Ce que M. Jurieu avait dit sur la prétendue cabale de Genève lui attira l’indignation et le mépris de toute cette ville. Voici ce qu’un des syndics écrivit là-dessus à un de ses amis en Hollande [2] : Je vous dirai, monsieur, que l’on a été scandalisé en ce pays de la manière d’écrire de M. Jurieu, et qu’il s’est perdu de réputation parmi tout ce qu’il y a d’honnêtes gens et de bon sens. On ne peut concevoir ce qui l’a obligé d’écrire comme il l’a fait contre cette ville. Ce qu’il en a dit est absolument faux et inventé à plaisir. Tout ce qu’il y a de vrai est qu’un nommé Goudet, marchand, s’est voulu mêler d’écrire certains projets de paix, etc. Voici encore l’extrait d’une lettre écrite par un particulier [3] : « Il n’est pas possible, dit-il, que l’on ne regarde avec indignation un homme qui, toujours plein d’un noir venin, mord sans discernement tout ce qui se rencontre à son passage et amis et ennemis, jusques aux états même.
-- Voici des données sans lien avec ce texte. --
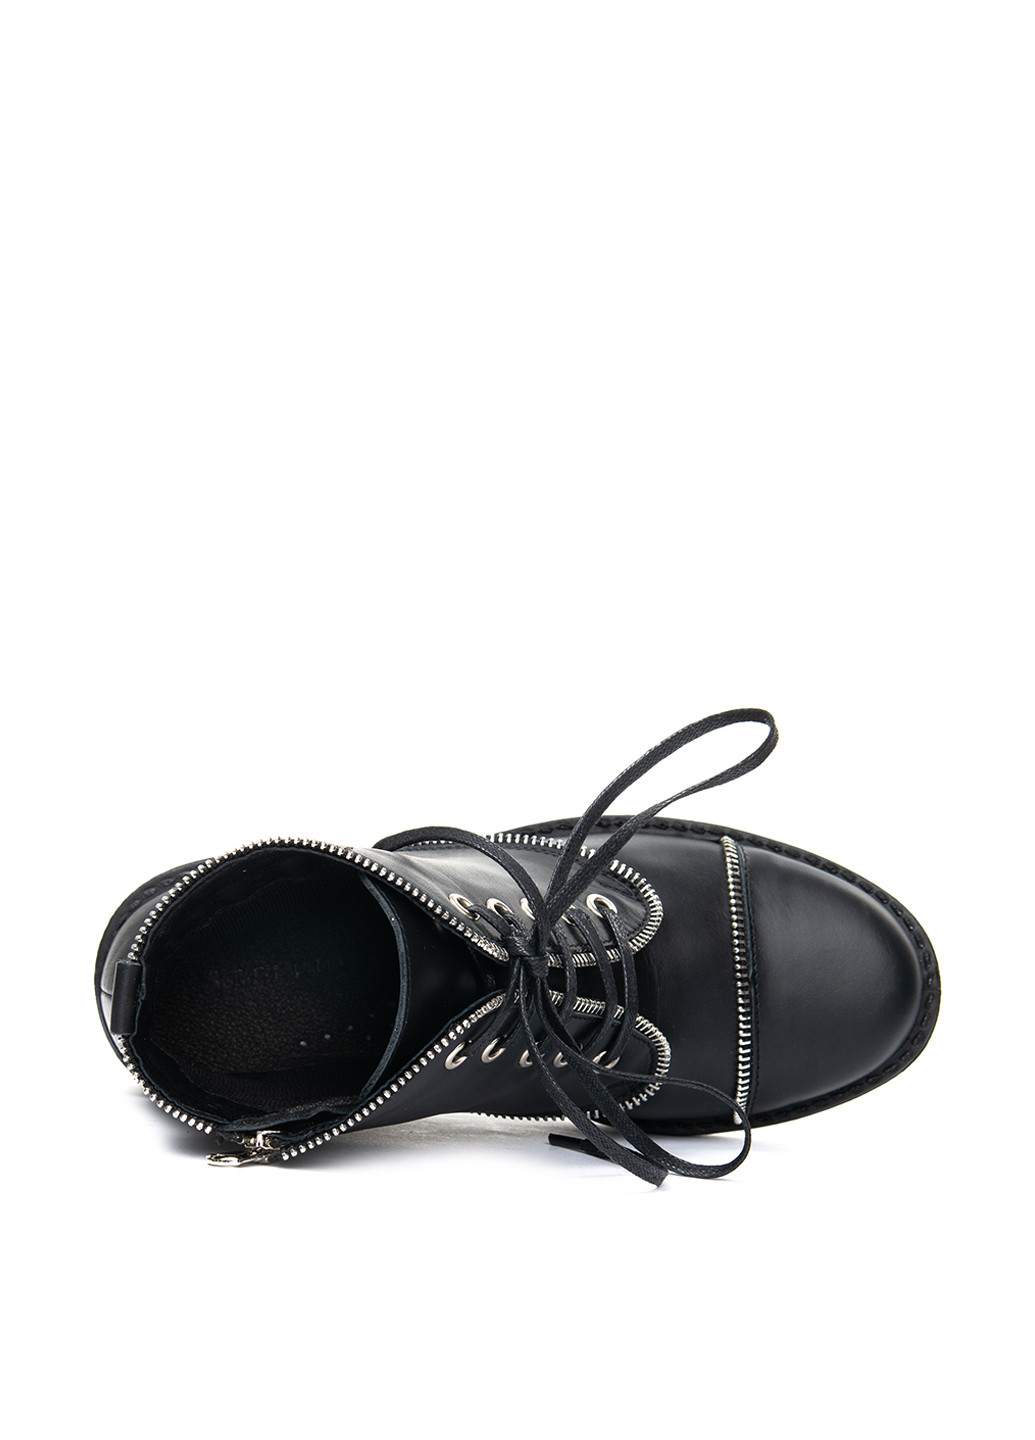 Осенние ботинки Tellus со шнуровкой

Que lui a fait le magistrat de Genève, pour tâcher comme il fait de le brouiller avec son peuple et de le mettre mal auprès de tous les protestans et des confédérés ? Mais tout ce que je puis vous dire sur cela, monsieur, c’est qu’on a regardé ici ses calomnies avec un profond mépris. »

M. Minutoli écrivit à M. Jurieu une lettre très-forte sur le même sujet. Je ne sais, dit-il [4], si nos conseils et tant de personnes importantes, si indignement traitées sur un point qui intéresse aussi avant leur conscience et leur honneur, ne chercheront point à vous donner toutes les plus mortifiantes preuves de leur juste ressentiment ; mais je sais très-bien qu’il faudrait que j’eusse oublié toutes les règles de la justice, si je ne me mettais pas aux champs en faveur de M. Bayle ; qui, par l’aventure que je vous dirai, tient uniquement de moi pour ce fait, ce dont il vous plaît de lui faire un si grand crime. Il faisait ensuite un détail de tout ce qui s’était passé entre M. Bayle et lui, au sujet du Projet de paix, détail qui était parfaitement conforme au narré que M. Bayle en avait donné dans sa Cabale chimérique, et que j’ai rapporté ci-dessus. Il reprochait à M. Jurieu de ce que, sur des conjectures frivoles, il l’avait placé aussi-bien que M. Bayle dans sa prétendue cabale. En conscience, voudriez-vous bien, lui disait-il, que sur quelques

  1. Chimère démontrée, p. 4.
  2. Ibid., préf., p. xxxv, xxxvj.
  3. Ibid., p. xxxvj, xxxvij.
  4. Lettre de M. Minutoli à M. Jurieu, du 19 au 29 de mai 1691 ; dans la Chimère démontrée, etc., p. 189, 190.